- **Stored data**:
[Start of section]
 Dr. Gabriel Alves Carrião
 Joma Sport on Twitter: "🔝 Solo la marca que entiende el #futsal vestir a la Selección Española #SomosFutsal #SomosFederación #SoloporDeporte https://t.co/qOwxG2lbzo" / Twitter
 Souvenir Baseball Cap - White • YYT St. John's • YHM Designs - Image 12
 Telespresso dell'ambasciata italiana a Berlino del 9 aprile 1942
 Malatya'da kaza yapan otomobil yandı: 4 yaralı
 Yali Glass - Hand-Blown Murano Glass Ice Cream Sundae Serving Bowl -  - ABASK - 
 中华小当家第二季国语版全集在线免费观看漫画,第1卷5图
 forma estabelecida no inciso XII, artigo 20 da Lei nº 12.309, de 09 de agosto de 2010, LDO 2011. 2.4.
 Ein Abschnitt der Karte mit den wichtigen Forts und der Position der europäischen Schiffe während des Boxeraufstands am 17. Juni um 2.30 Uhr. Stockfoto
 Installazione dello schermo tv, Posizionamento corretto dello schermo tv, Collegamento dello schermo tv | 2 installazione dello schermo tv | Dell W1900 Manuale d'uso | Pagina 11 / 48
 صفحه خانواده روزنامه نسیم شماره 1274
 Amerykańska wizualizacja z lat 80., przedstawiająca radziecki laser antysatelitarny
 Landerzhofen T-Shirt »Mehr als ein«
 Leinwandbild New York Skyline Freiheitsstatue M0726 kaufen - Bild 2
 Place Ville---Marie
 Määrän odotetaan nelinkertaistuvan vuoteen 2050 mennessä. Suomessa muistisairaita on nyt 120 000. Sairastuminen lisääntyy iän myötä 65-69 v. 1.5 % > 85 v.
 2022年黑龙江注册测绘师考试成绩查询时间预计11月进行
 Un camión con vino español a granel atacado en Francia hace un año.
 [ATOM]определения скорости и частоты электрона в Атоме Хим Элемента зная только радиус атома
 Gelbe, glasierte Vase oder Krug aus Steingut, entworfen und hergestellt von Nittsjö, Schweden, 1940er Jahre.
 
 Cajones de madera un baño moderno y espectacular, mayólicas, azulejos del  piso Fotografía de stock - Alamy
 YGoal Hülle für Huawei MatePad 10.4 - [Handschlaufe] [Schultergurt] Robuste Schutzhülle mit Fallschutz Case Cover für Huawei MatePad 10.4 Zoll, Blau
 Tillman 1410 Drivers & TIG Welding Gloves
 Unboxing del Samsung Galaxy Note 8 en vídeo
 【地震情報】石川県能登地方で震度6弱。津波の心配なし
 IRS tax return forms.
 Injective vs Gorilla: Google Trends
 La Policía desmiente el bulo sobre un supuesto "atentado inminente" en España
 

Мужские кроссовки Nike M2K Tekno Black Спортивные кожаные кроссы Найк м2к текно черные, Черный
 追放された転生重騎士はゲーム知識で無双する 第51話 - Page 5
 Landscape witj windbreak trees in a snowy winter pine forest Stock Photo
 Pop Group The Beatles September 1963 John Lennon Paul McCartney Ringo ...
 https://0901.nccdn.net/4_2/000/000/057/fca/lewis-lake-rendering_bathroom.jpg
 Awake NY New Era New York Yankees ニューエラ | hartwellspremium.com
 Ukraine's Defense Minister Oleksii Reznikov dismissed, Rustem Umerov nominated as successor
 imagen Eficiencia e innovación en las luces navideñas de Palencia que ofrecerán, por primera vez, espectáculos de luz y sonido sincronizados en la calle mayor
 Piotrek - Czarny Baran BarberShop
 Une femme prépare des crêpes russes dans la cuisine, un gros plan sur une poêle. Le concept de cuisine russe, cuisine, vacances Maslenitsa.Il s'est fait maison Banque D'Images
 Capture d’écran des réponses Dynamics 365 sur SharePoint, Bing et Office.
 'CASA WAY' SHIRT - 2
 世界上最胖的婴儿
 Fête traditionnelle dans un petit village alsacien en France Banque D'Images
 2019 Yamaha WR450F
[End of section]
Looking over the entries above, how many lines contain the string "Images"? State the number and nothing else.

- **Task answer**: 2